I have an extra bathroom in the basement which will serve when the first floor basement is full. We are putting a ghoul with a motion detector so any time some one opens the door it will scream at them. It should cause a scare or two hopefully


----------



## Howloween Lady (Oct 26, 2009)

*Simple scares*

One night I was driving my 14 yr old son, my 12 yr old daughter and 17 yr old niece home from 6flags. They got on the subject of graveyards, scary movies and whether ghosts were real or not. My niece told them to stop that she was getting freaked out, I pulled on to my street, turned off the headlights, slammed on the brakes and screamed as loud as I could. They were so freaked out that one of them peed themself. (I won't say which one). Sometimes, the opportunity is just right to scare the hell out of them. 

On the note to the Halloween Party scare (my son, now 16) is usually involved in one way or another to freak out our party guests. 

This year I made him a head on a platter. I put the costume voting ballads on the table that I made around him. When guests came in; I walked them over to the table to show them where to vote l8r after they saw all of the costumes.

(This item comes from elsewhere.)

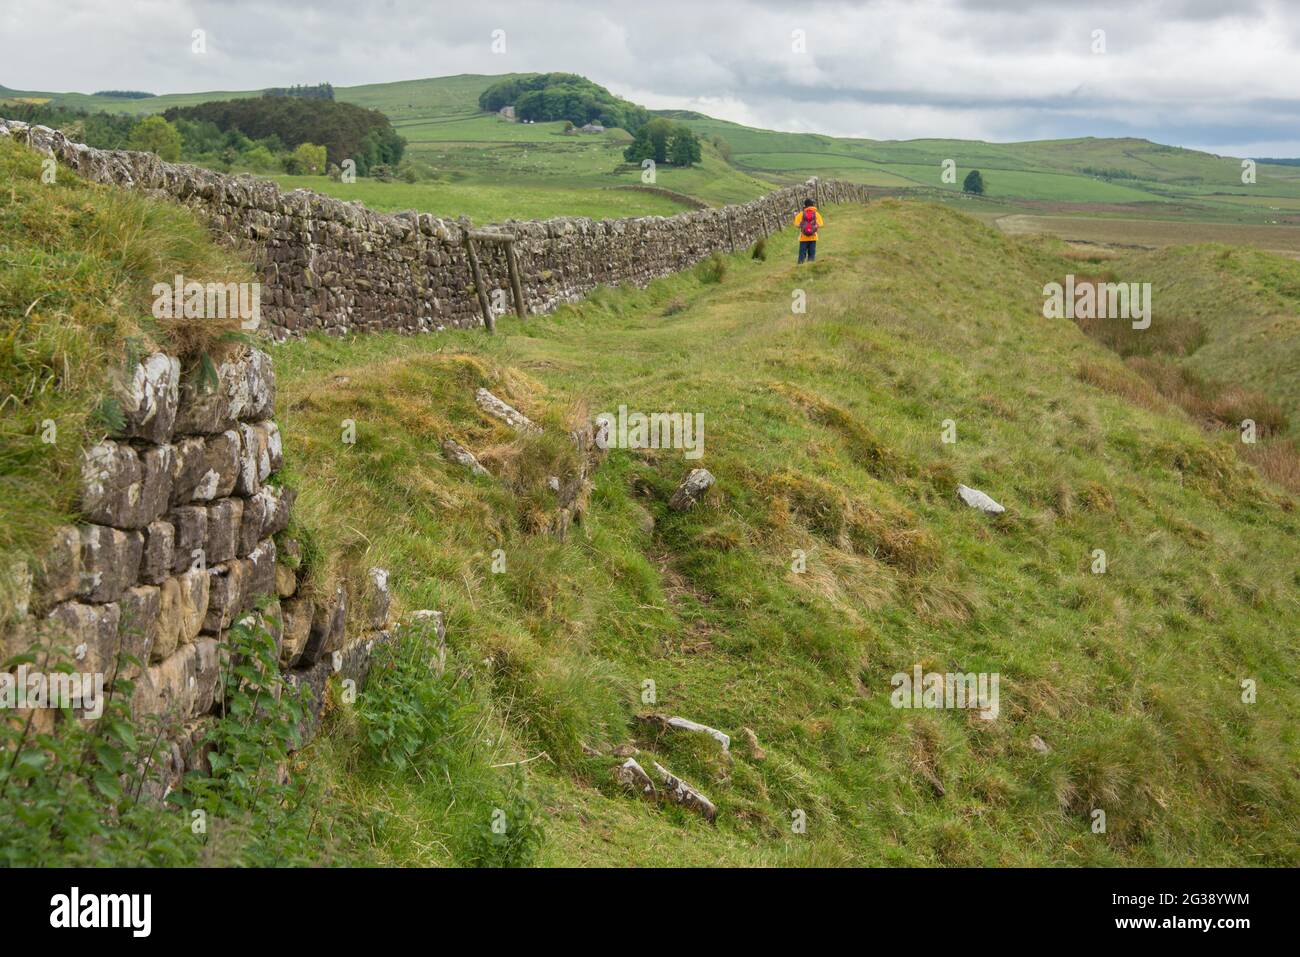 Vestiges d'un segment du mur d'Hadrien, l'ancien mur frontalier romain traversant le nord de l'Angleterre près de Milecastle 33 à l'est du fort romain Housesteads. Longeant l'ensemble du site classé au patrimoine mondial de l'UNESCO, le chemin du mur d'Hadrien est l'un des sentiers de randonnée les plus populaires d'Angleterre. Banque D'Images

When they were most distracted... I would say, "Has anyone seen Frankie?" He then opened his eyes and screamed his head off. Man and woman alike were scared. 

Last year, I made him a scary scare crow. He stood in front of the house, spaced out between my other life size props. As guests walked in, most stopped at him to admire how real looking he was. When he jumped and screamed, EVERYONE WAS FREAKED OUT. Last years party was on Halloween. Trick or Treaters stopped coming at 6, word spread of the scares at our house. One of our guests tried to attack him. Ha Ha... Good times. 

Another simple idea to scare your guests my girlfriend did a few years ago. She had a prop clown sitting on the sofa all night. About two hours into the party another friend put on the clown costume and sat where the prop had been. Everyone gathered around for a game paying no attention to the clown. One of the kids said, I think the clown just moved- Dawn jumped up and screamed at the top of her lungs. About 30 people got to there feet and ran. It was awesome.


----------



## forcryingoutmeow (Sep 25, 2013)

We have begun the tradition of playing really happy music on the record player, but setting it to the slowest speed. Happy music has a foreboding sound. It really creeps people out when combined with a simple mortuary, laboratory. cemetery or other Halloween theme.


----------